Attorney General Stein is suing Canary General Contracting and Design and its operator Steven Sand and owner Khuneary Kim for running an unlicensed general contracting business and defrauding homeowners in Charlotte.

“We allege that Canary took people’s money and then left major home renovation projects unfinished or finished them so poorly they had to be redone,” said Attorney General Josh Stein. “People invest a lot of time and money in their home, and I’ll hold accountable companies that deceive them.”

Canary allegedly didn’t start projects on time, didn’t complete the work, and often failed to secure building permits on behalf of the homeowners for the planned construction. Canary also allegedly collected advance payments for work it didn’t complete and left behind substandard work that was unsafe and did not meet code. In most instances, homeowners had to give up on the project entirely or hire a new contractor to tear down Canary’s poor work and redo the project.

The Department of Justice’s Consumer Protection Division has received 15 complaints against Canary, and North Carolinians have reported more than $250,000 in financial losses.

A copy of the Canary complaint is available here.

RealPage Investigation


Attorney General Stein is investigating RealPage, a software company that claims to provide analytics and services to help property managers and owners manage their properties and real estate. RealPage sells data products that help property managers use statistical models and information about rent and real estate contracts in the area to generate a rent to charge prospective tenants.

“Housing is already too expensive for so many North Carolinians,” said Attorney General Josh Stein. “Companies cannot collude to illegally raise rents on tenants. My investigation into RealPage will shed light on whether this company’s operations violate the law and raise rental costs for residents.”

Attorney General Stein’s investigation is looking into whether RealPage uses non-public and sensitive competitive data as part of its modeling in violation of antitrust laws. Property managers can use that private information to raise rents in an area and leave units empty to keep those rents high, which worsens the affordable housing crisis and makes it difficult for North Carolinians to rent housing.

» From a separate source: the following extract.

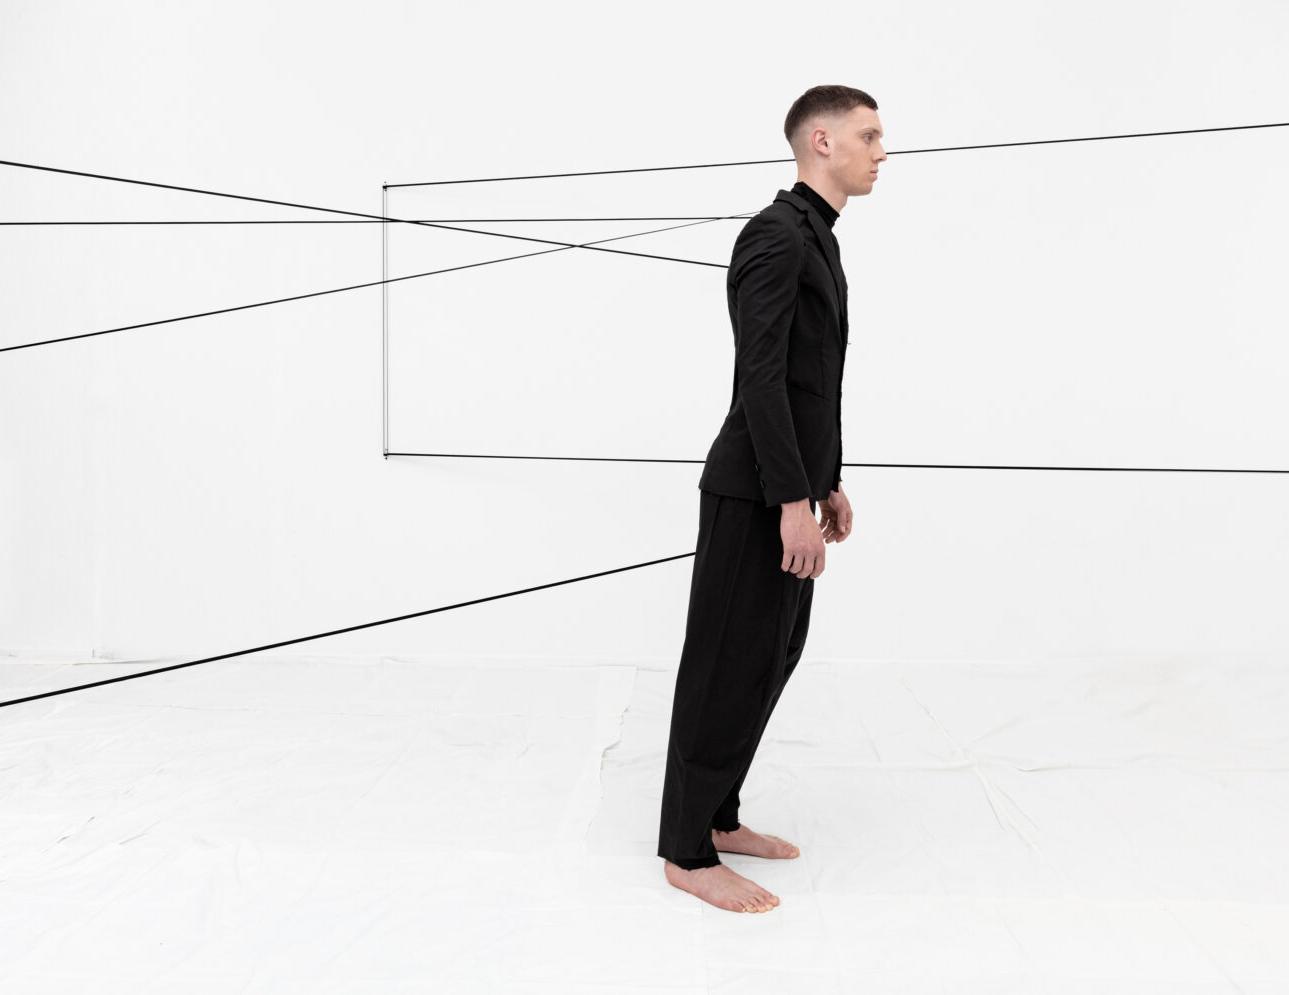 Galerie Rupert Pfab Anna-Maria Bogner Aleksandra Kurkowski ArtJunk

Heirs’ Property and Home Ownership Preservation

The Department of Justice will host a symposium to educate lawyers and community leaders on heirs’ property so they can help people maintain ownership of homes and land that have been passed down over generations. Attendees can learn more and register at

Heirs’ property is created when land is passed down and eventually owned by several descendant owners. These owners are often targeted by scam investment buyers or are at an elevated risk of losing their home to property tax foreclosures. Heirs’ property is more common in communities of color and is a key driver of the racial wealth gap.

Attorney General Stein has taken several steps to protect homeownership and increase affordable housing for North Carolinians. He worked with legislators to enact the Unfair Real Estate Agreements Act in 2023 to prohibit oppressive long-term agreements that undermine a person’s ownership of their home. He also sued MV Realty for allegedly employing such practices, and he reached a $13.5 million settlement with First National Bank to resolve allegations of racially discriminatory redlining in mortgage lending. Since 2017, he has won 18 lawsuits against contractors and home repair/renovation companies, totaling $3,135,179.48 in awards to benefit North Carolinians.